现在您定义表单控制器,它将填充表单formBackingObject并处理doSubmitAction.
public class UpdateRecordController extends SimpleFormController {
private RecordDao recordDao;
// Setter and getter for recordDao left out for brevity
public UpdateRecordController() {
setCommandClass(UpdateRecordCommand.class);
setCommandName("update");
}
@Override
protected Object formBackingObject(HttpServletRequest request)
throws Exception {
// Use one of Spring's utility classes to cleanly fetch the rowId
int rowId = ServletRequestUtils.getIntParameter(request, "rowId");
// Load the record based on the rowId paramrter, using your DAO
Record record = recordDao.load(rowId);
// Populate the update command with information from the record
UpdateRecordCommand command = new UpdateRecordCommand();
command.setRowId(rowId);
command.setName(record.getName());
command.setScheme(record.getScheme());
command.setUrl(record.getUrl());
command.setEnabled(record.getEnabled());
// Returning this will pre-populate the form fields
return command;
}
@Override
protected void doSubmitAction(Object command) throws Exception {
// Load the record based on the rowId in the update command
UpdateRecordCommand update = (UpdateRecordCommand) command;
Record record = recordDao.load(update.getRowId());
// Update the object we loaded from the data store
record.setName(update.getName());
record.setScheme(update.getScheme());
record.setUrl(update.getUrl());
record.setEnabled(update.setEnaled());
// Finally, persist the data using the DAO
recordDao.save(record);
}
}
回答by James McMahon
What was going on is that the ?name=rowId was somehow messing up the form post.
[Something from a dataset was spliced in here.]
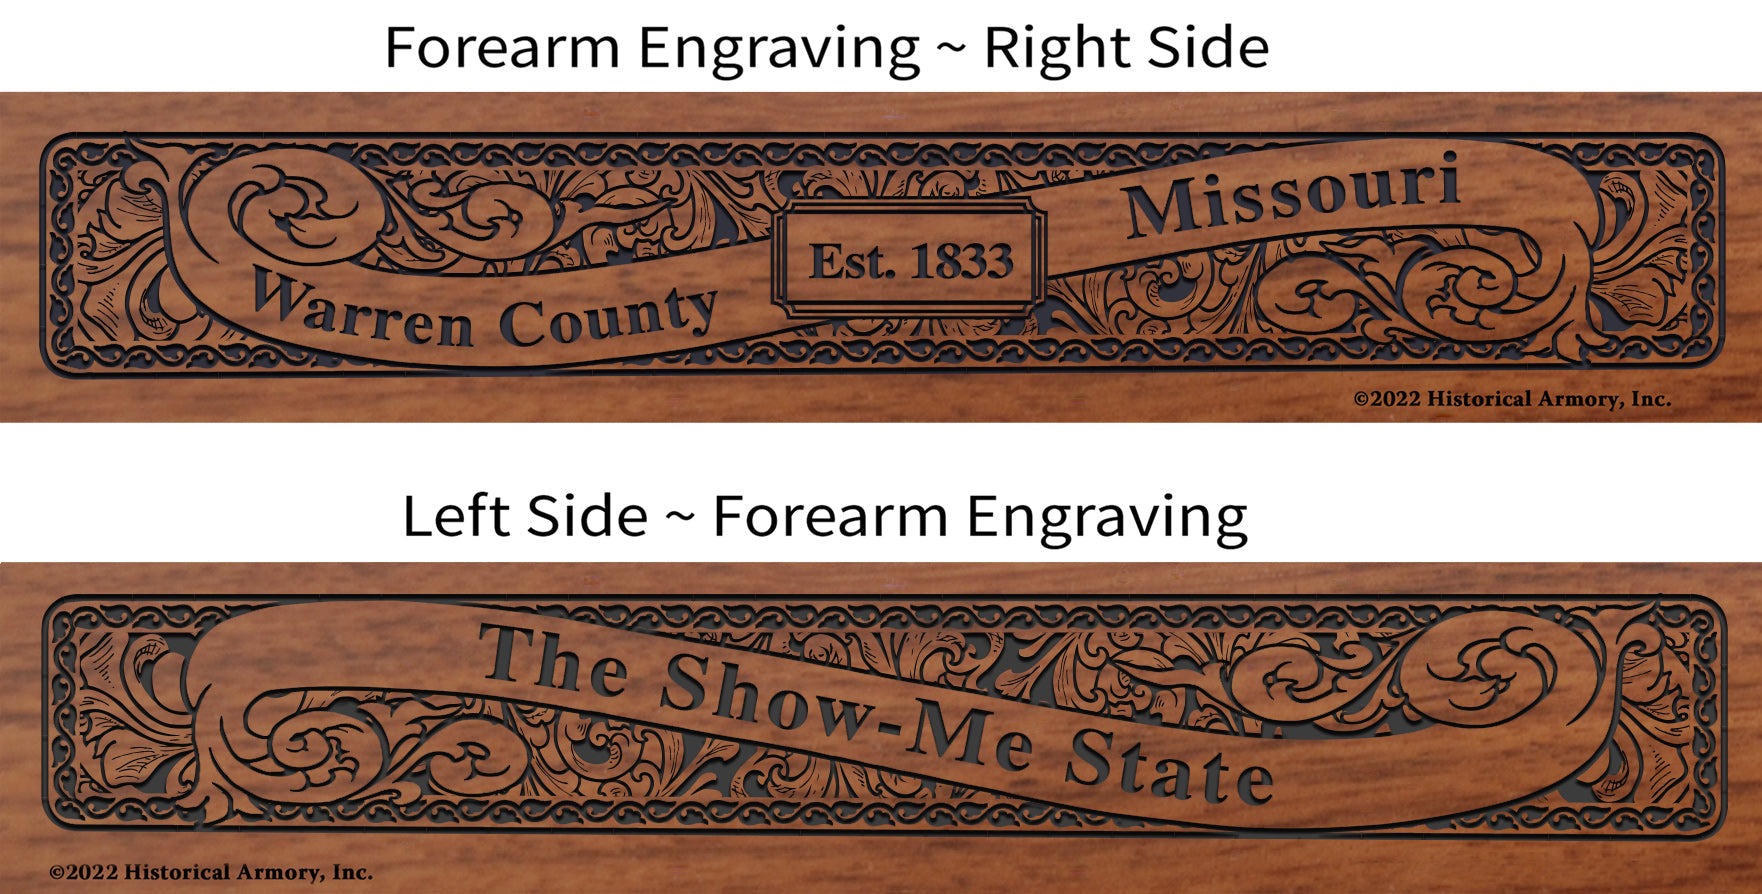 Warren County Missouri Engraved Rifle Forearm

Once I changed that to a name that didn't reflect a parameter in the object, everything worked fine. No change to the DAO or controller code necessary.
发生的事情是 ?name=rowId 不知何故弄乱了表单帖子。一旦我将其更改为不反映对象中参数的名称,一切正常。无需更改 DAO 或控制器代码。
Thanks to everyone for your answers. It helped me narrow down what was going on.
感谢大家的回答。它帮助我缩小了正在发生的事情的范围。